** PROBLEM DETAILS **
Restate the full listing word for word and leave the pictures out.

** SUPPLIED INFORMATION **
********************

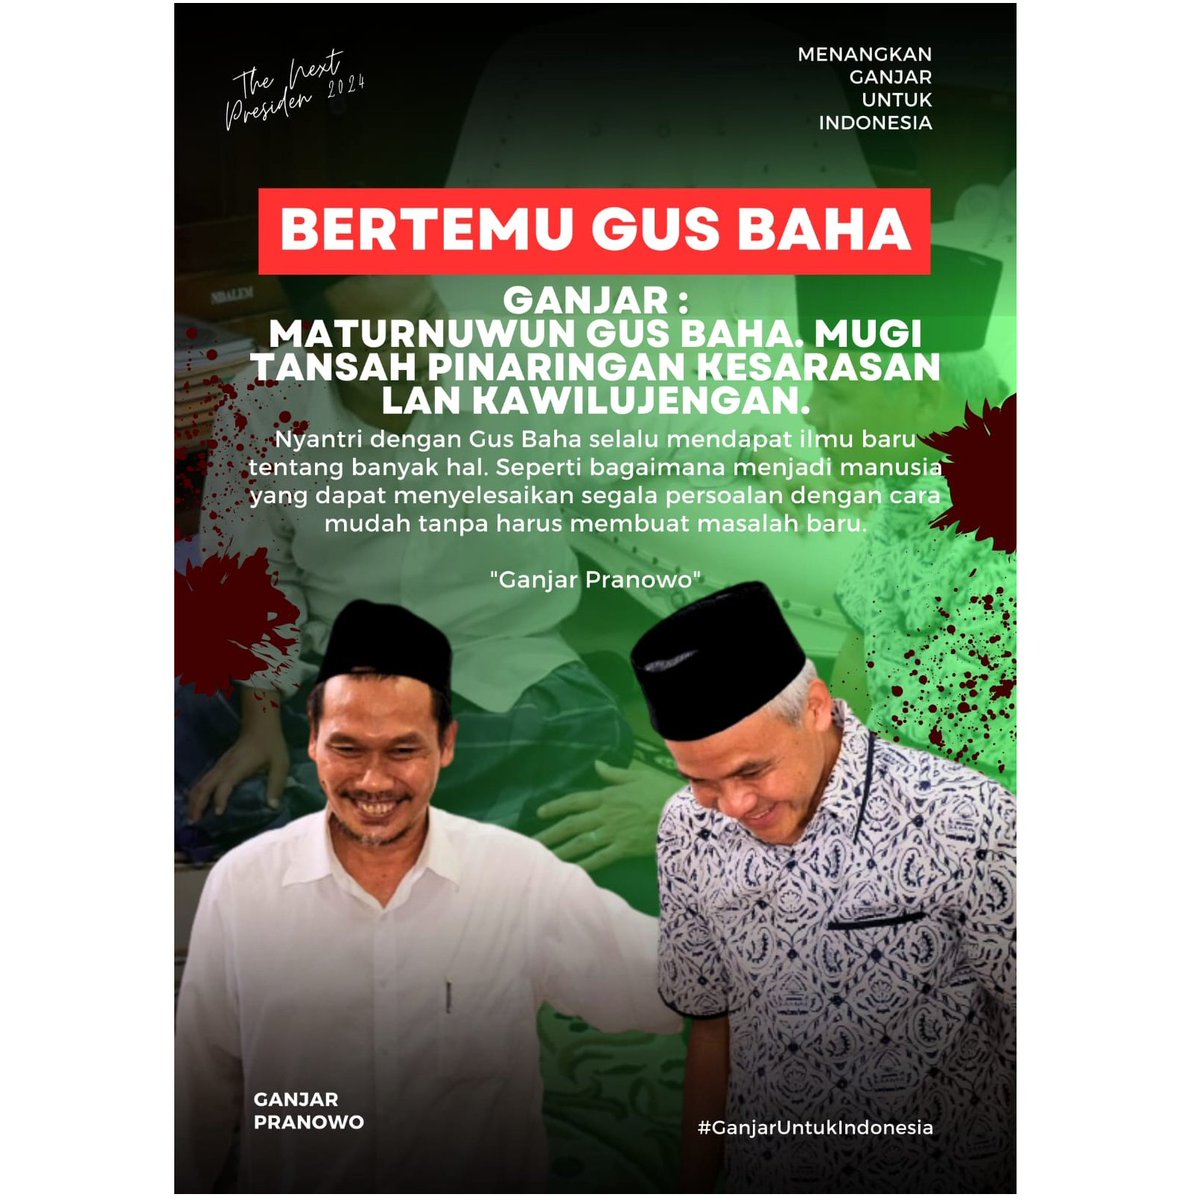 Ganjar Pranowo bertemu dengan Gus Baha
#GanjarUntukIndonesia
#GanjaranApp

********************

** FINISHED EXERCISE **
 Ganjar Pranowo bertemu dengan Gus Baha
#GanjarUntukIndonesia
#GanjaranApp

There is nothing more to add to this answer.